Description of the task
Transcribe this listing exactly; omit the pictures.

[[ Data shown, beginning ]]

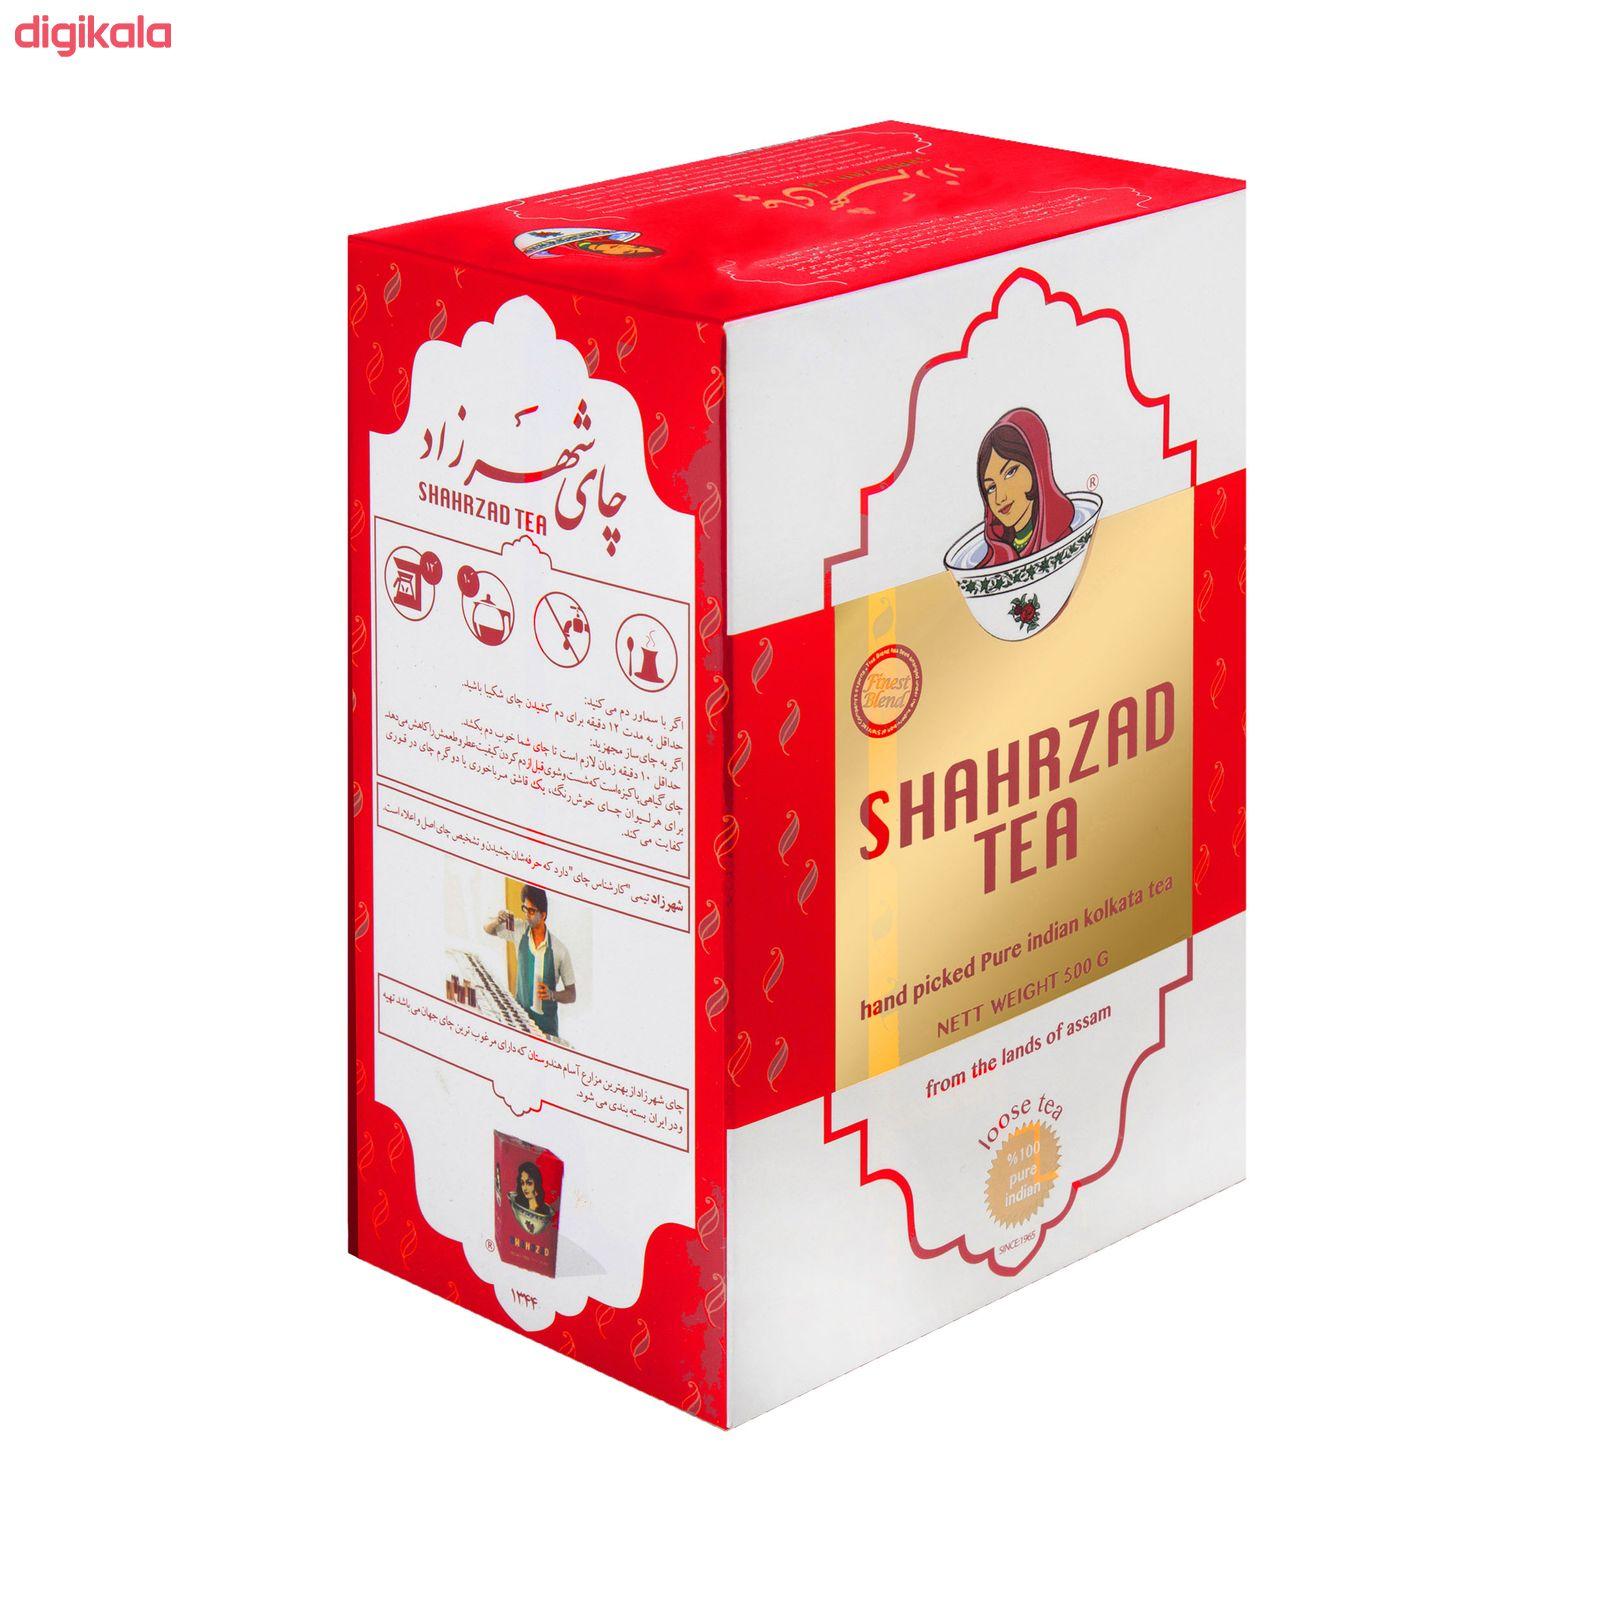 چای کلکته هندوستان شهرزاد - 400 گرم main 1 1
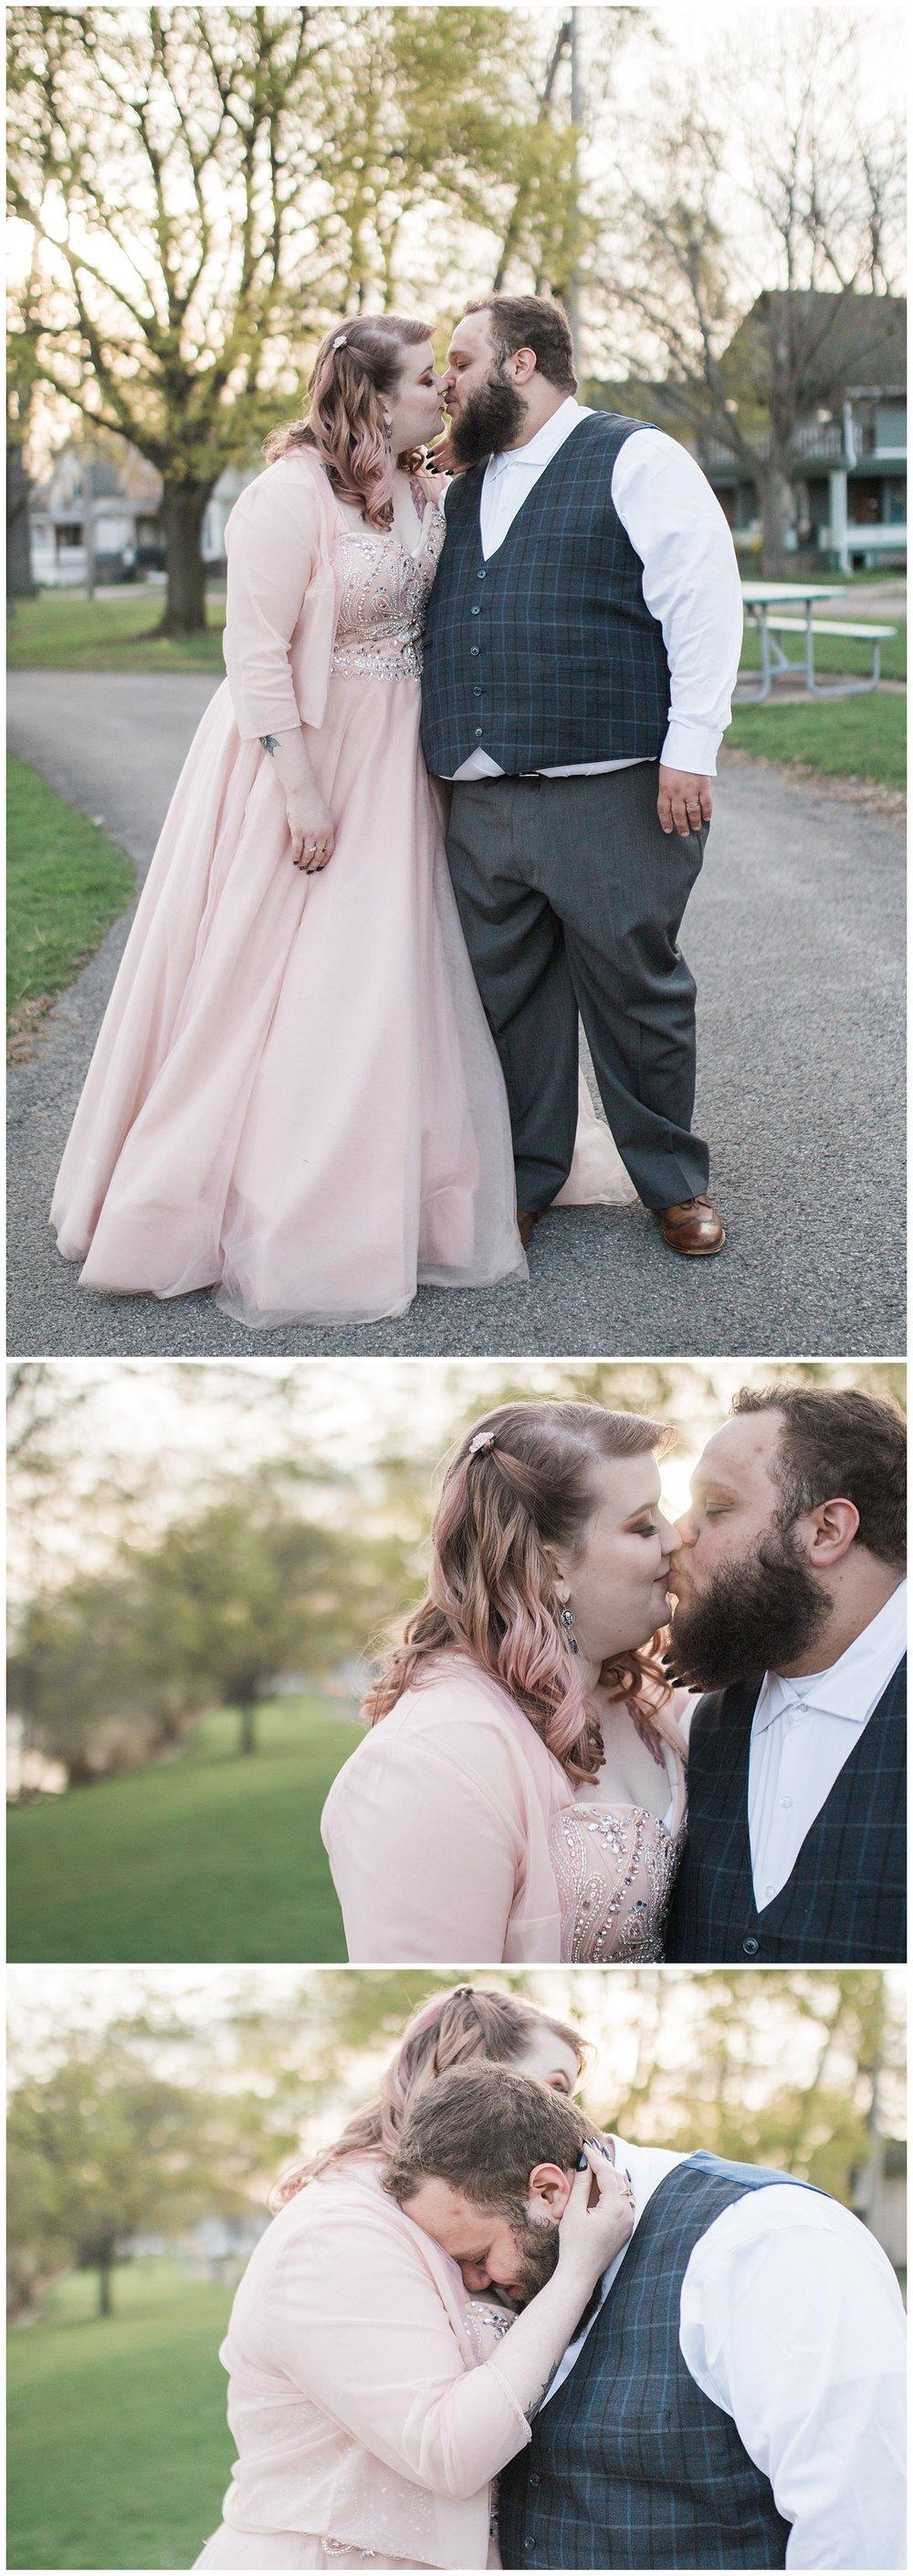 Emily and Felix Cruz - Buffalo Erie Canal - Lass and Beau-1604_Buffalo wedding photography.jpg
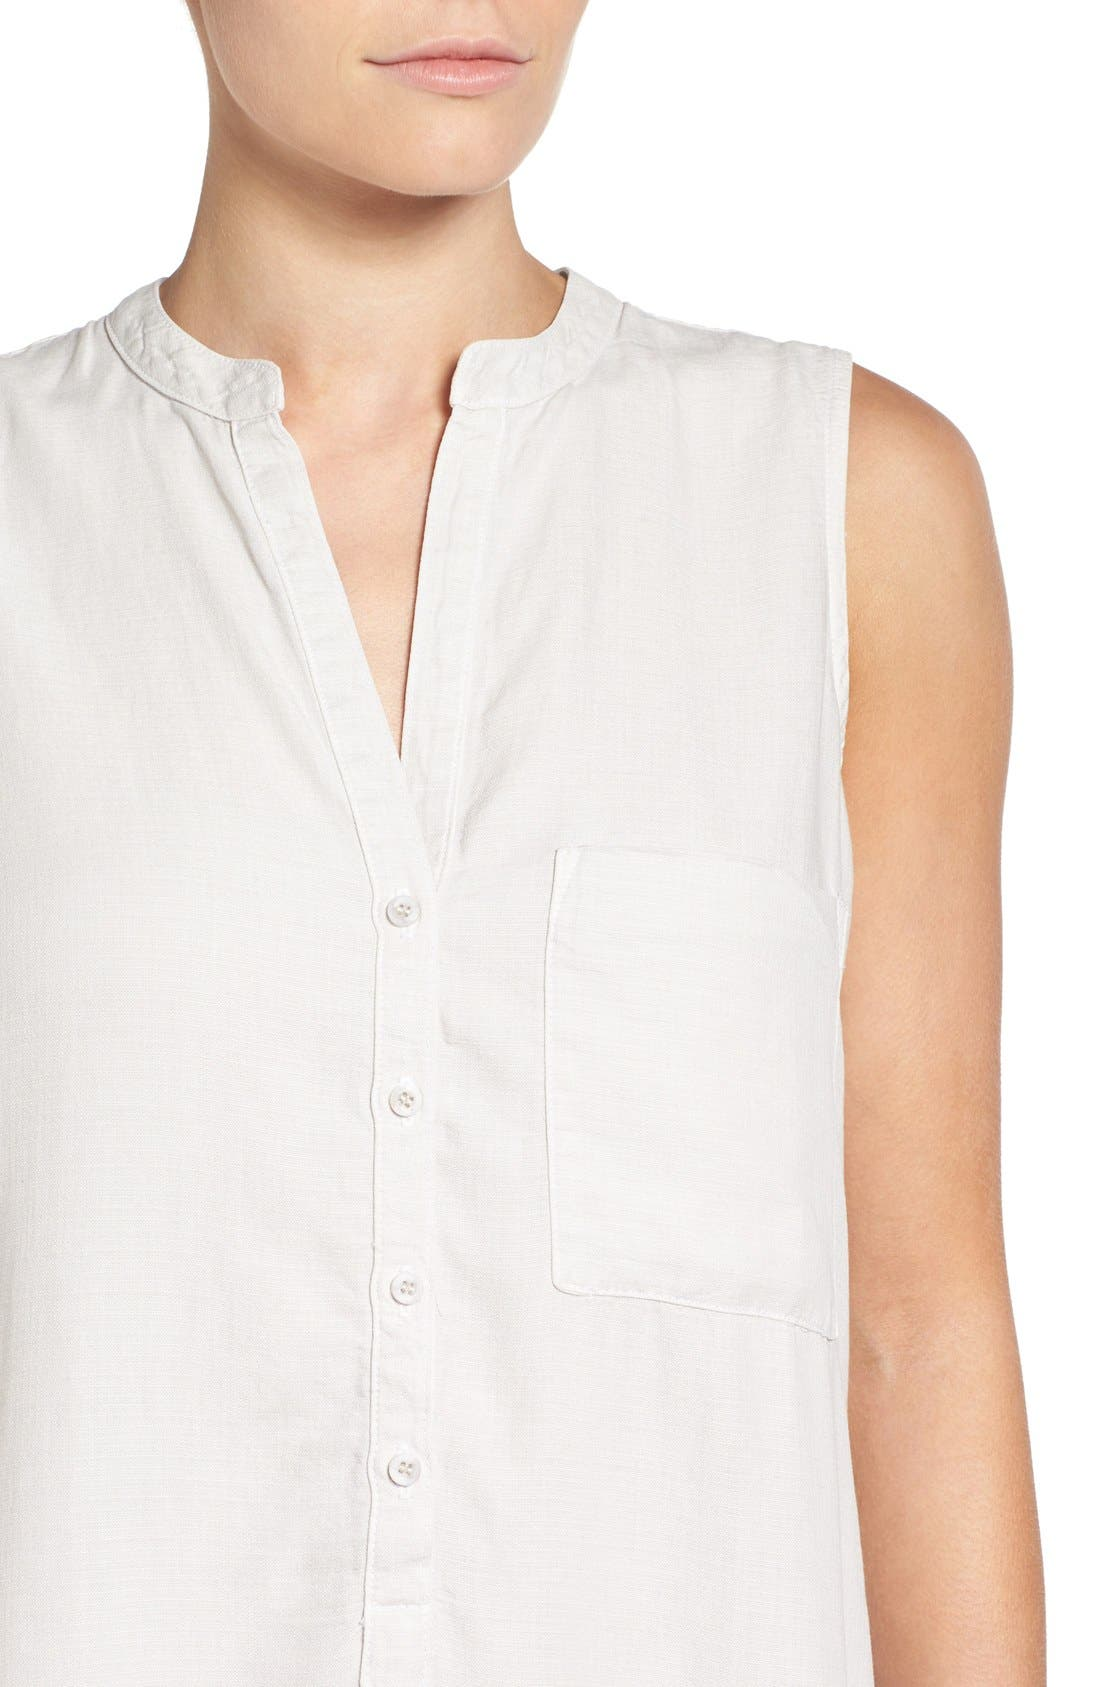 SIDE STITCH, Sleeveless Band Collar Shirtdress, Alternate thumbnail 5, color, 020

[[ Data shown, end ]]

Reply to the task
 چای کلکته هندوستان شهرزاد - 400 گرم main 1 1
 Emily and Felix Cruz - Buffalo Erie Canal - Lass and Beau-1604_Buffalo wedding photography.jpg
 SIDE STITCH, Sleeveless Band Collar Shirtdress, Alternate thumbnail 5, color, 020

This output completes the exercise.